Know all by these presents, that the undersigned hereby constitutes and appoints each of Alan T. Rosselot, Stephanie W. Bignon and Candida P. Gibson, signing singly, the undersigned's true and lawful attorney-in-fact to:

 

  (1) execute for and on behalf of the undersigned, in the undersigned's capacity as a Section 16 officer of Delta Air Lines, Inc. (the "Company"), Form ID and any Forms 3, 4, and 5 in accordance with Section 16(a) of the Securities Exchange Act of 1934 and the rules thereunder;

 

(2)do and perform any and all acts for and on behalf of the undersigned which may be necessary or desirable to complete and execute any such Form ID or Form 3, 4 or 5 and timely file such form with the United States Securities and Exchange Commission and any stock exchange or similar authority, including requests for EDGAR access codes; and

 

(3)take any other action of any type whatsoever in connection with the foregoing which, in the opinion of such attorney-in-fact, may be of benefit to, and in the best interest of, or legally required by, the undersigned, it being understood that the documents executed by such attorney-in-fact on behalf of the undersigned pursuant to this Power of Attorney shall be in such form and shall contain such terms and conditions as such attorney-in-fact may approve in such attomey-in-fact's discretion.

 

The undersigned hereby grants to each such attorney-in-fact full power and authority to do and perform any and every act and thing whatsoever requisite, necessary, or proper to be done in the exercise of any of the rights and powers herein granted, as fully to all intents and purposes as the undersigned might or could do if personally present, with full power of substitution or revocation, hereby ratifying and confirming all that such attorney-in-fact, or such attorney-in-fact's substitute or substitutes, shall lawfully do or cause to be done by virtue of this power of attorney and the rights and powers herein granted.
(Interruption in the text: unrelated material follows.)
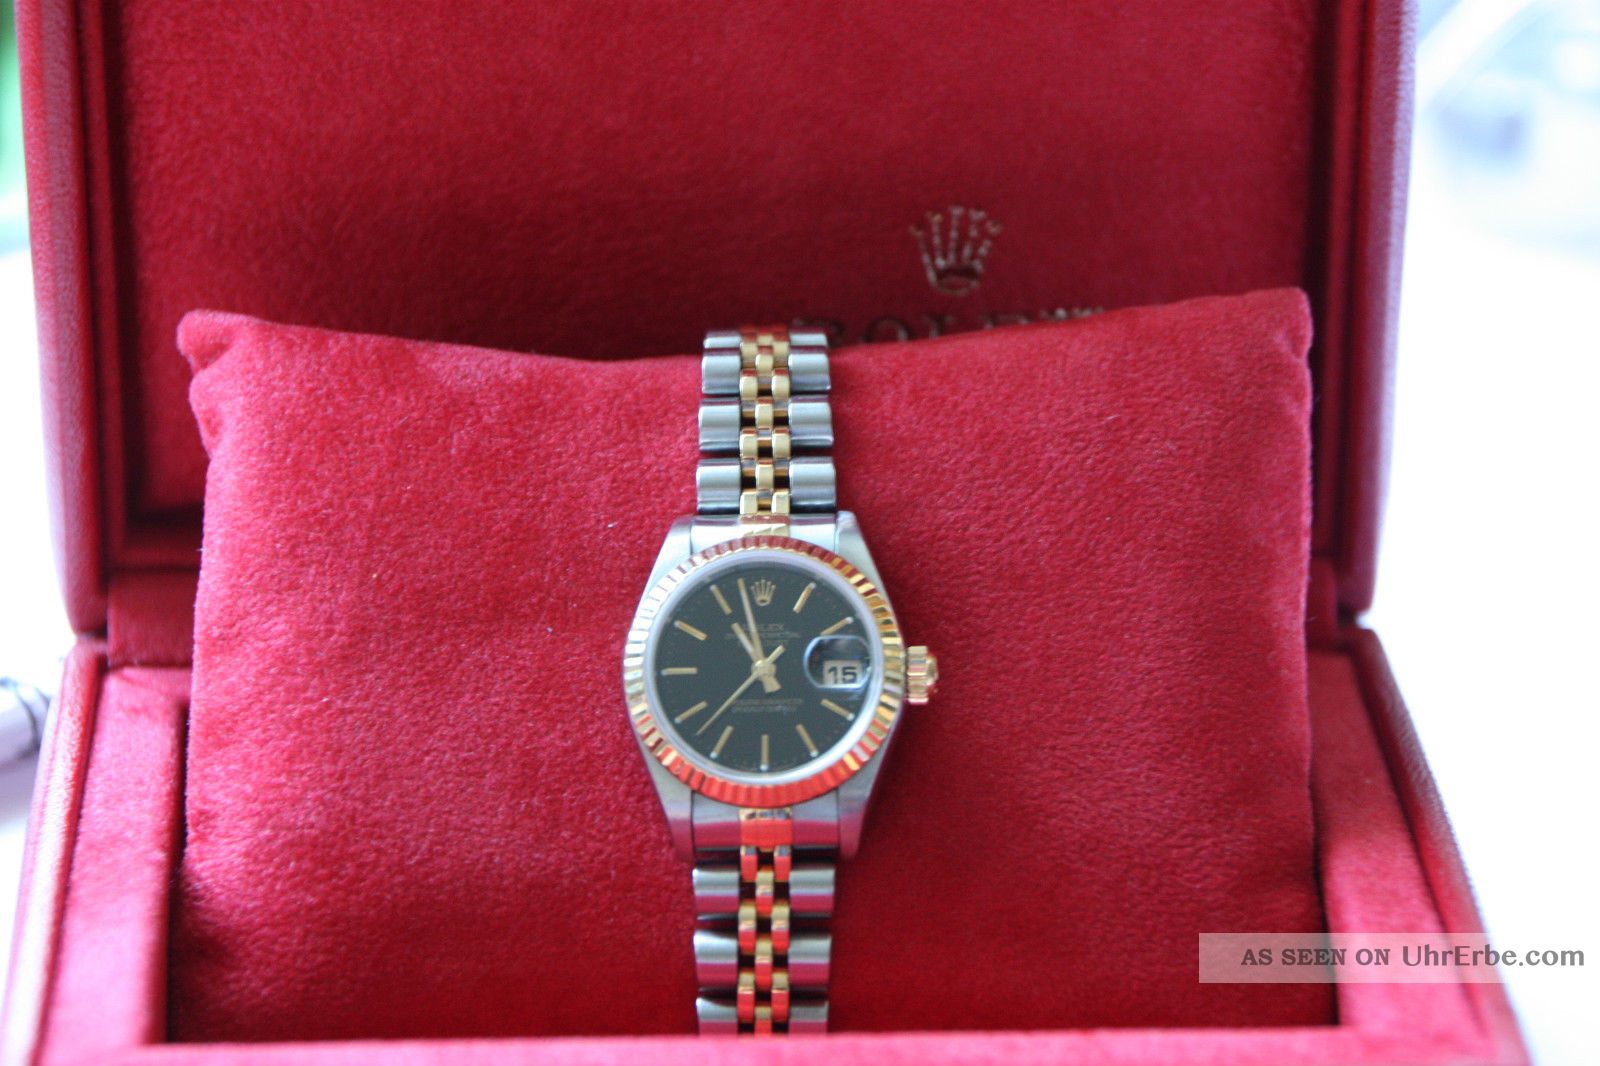 Rolex Damenuhr Modell Lady Date Just Armbanduhren Bild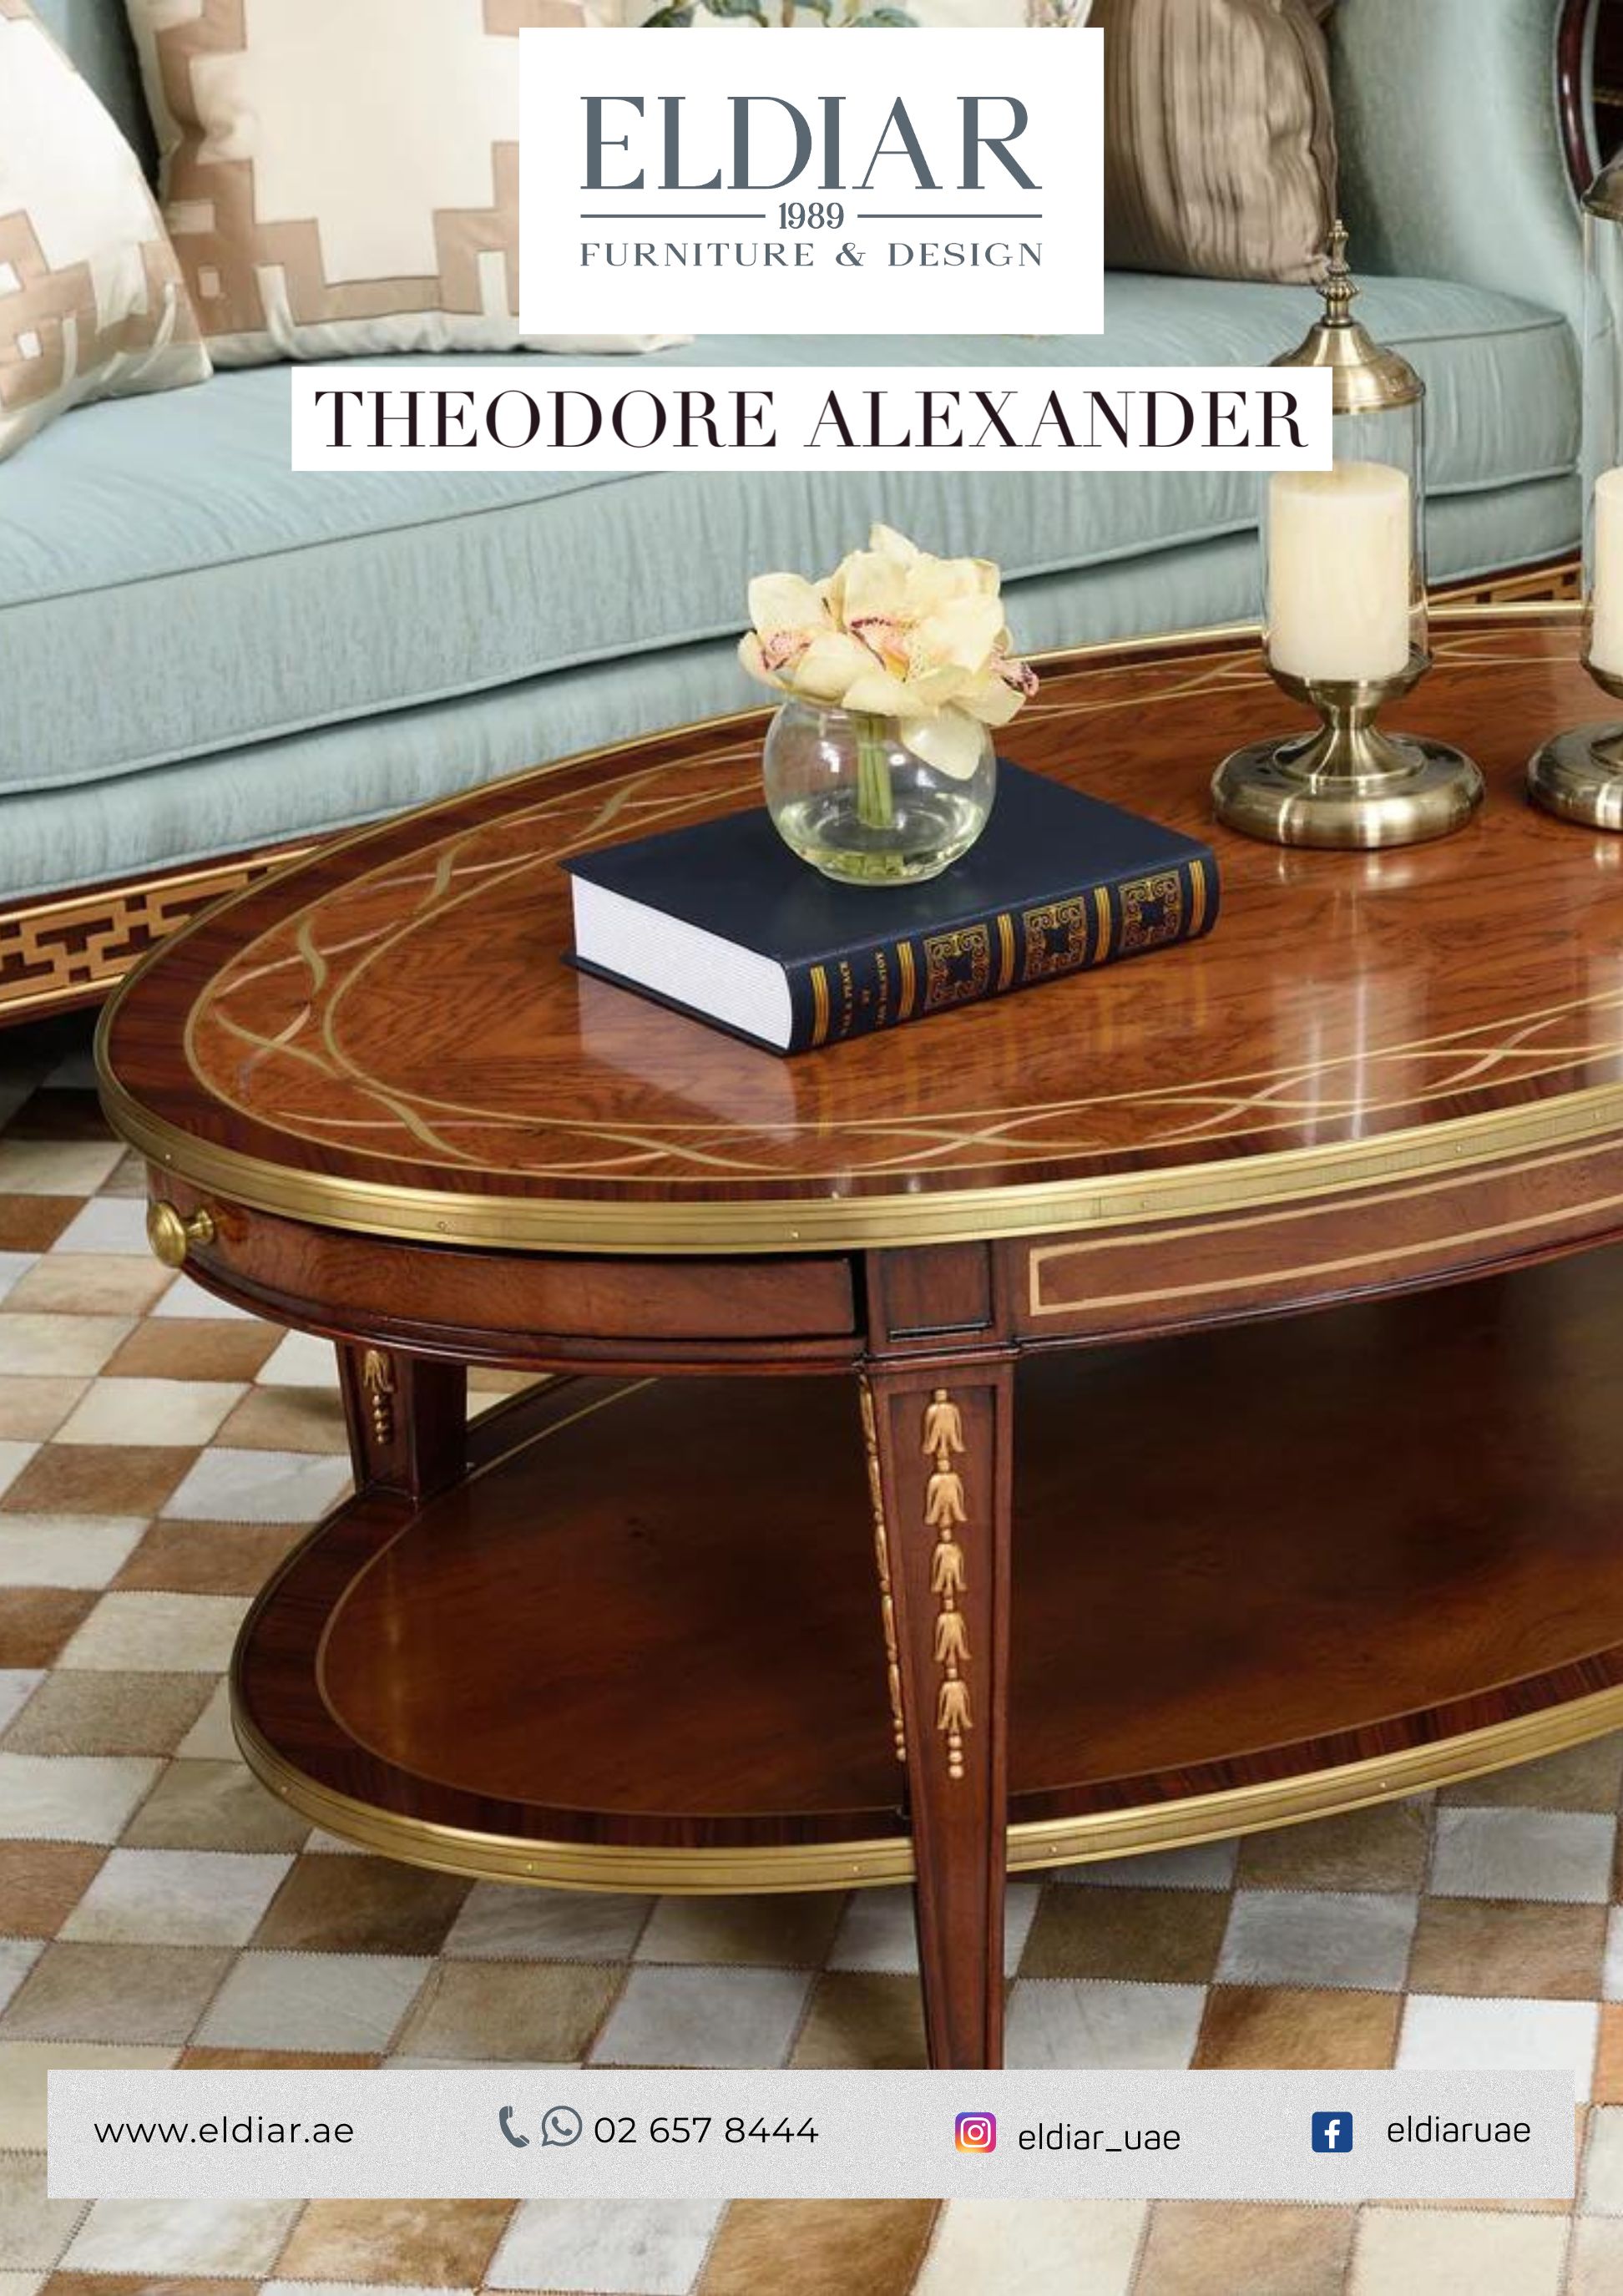 THEODORE ALEXANDER MAY 24

The undersigned acknowledges that the foregoing attorneys-in-fact, in serving in such capacity at the request of the undersigned, are not assuming, nor is the Company assuming, any of the undersigned's responsibilities to comply with Section 16 of the Securities Exchange Act of 1934.

 

This Power of Attorney shall remain in full force and effect until the undersigned is no longer required to file Forms 3, 4, and 5 with respect to the undersigned's holdings of and transactions in securities issued by the Company, unless earlier revoked by the undersigned in a signed writing delivered to the foregoing attorneys-in-fact.

 

 

IN WITNESS WHEREOF, the undersigned has caused this Power of Attorney to be executed as of this 25th day of May, 2021.